The main task is from Inductive Logic Programming (ILP) area. The task related to ANN is inspired by paper below but is applied to more complex case.Learning an approximation to clause evaluation function
The main task is the search of the best theory (hypothesis) that subsumes bottom theory (most specific hypothesis), that covers as many positive examples as possible, and covers as few negative examples as possible and has minimal description length.
The input data consist from the several records. The records represent the set of clauses (theory/hypothesis). Every record represents the single clause which is the set of literals (possible empty). The clause is encoded via bit vector where every bit indicates if the literal is dropped or active. Bottom clause's bit vector is filled with 1's. A record contain numeric vector is #'s of occurrences of a literal in the clause. The vector is associated with bit vector. A record's length (i.e. bit vector and numeric vector length) may vary. Every record contain also the fixed number of numeric values whose representation is trivial.
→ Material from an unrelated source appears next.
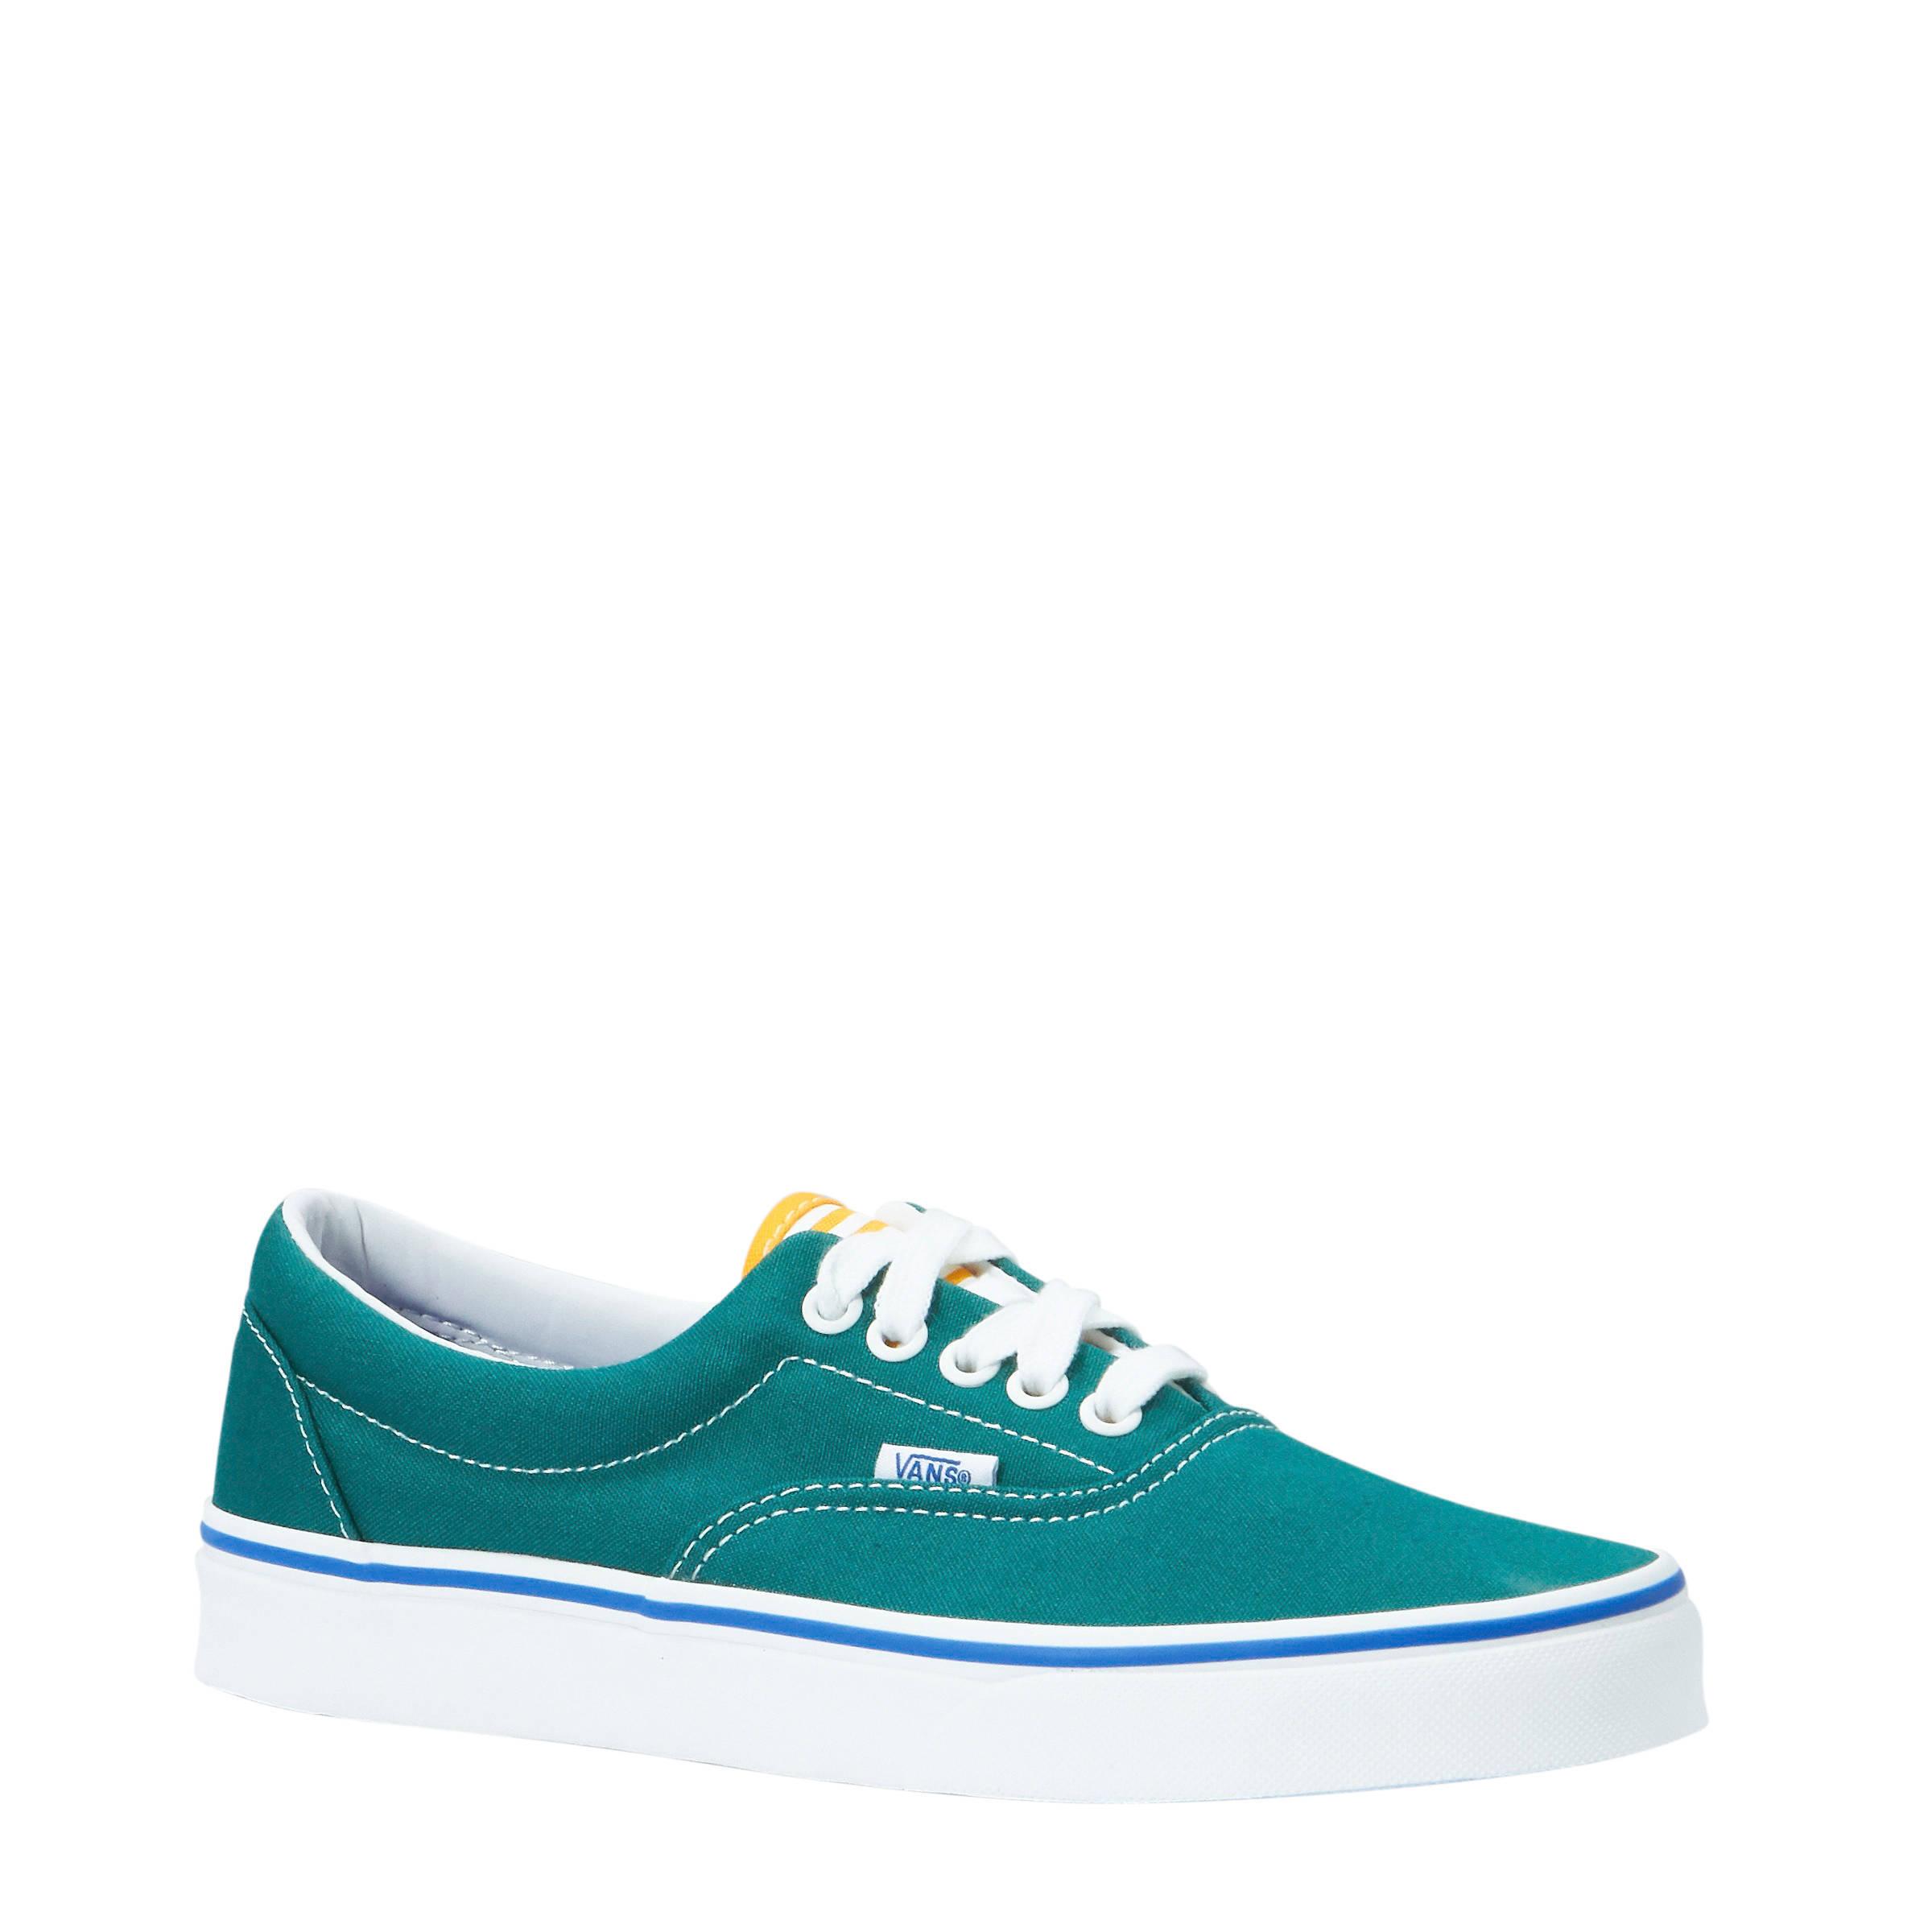 vans groen wit

The output is 2 numbers. Their values (both in the range [0.0, 1.0]) are coverages for positive and negative examples.
So, my question is: How to represent/normalize these records for the NN? In particular, is there a (tricky) way to represent the bit vector compactly? Its length can be up to a few thousands.
Also, I'd like to mention about learning mode(s). The NN may learn fitness function approximation in 'online' mode from real data, i.e. in parallel with main searching. In this mode all the training samples have the same clauses length schema.
It may learn in 'offline' mode from abstract (generated) datasets, and, finally, in both modes. It's unclear for me is it necessary to consider 2nd and 3rd cases (I think they are significantly complicated input data format to the NN).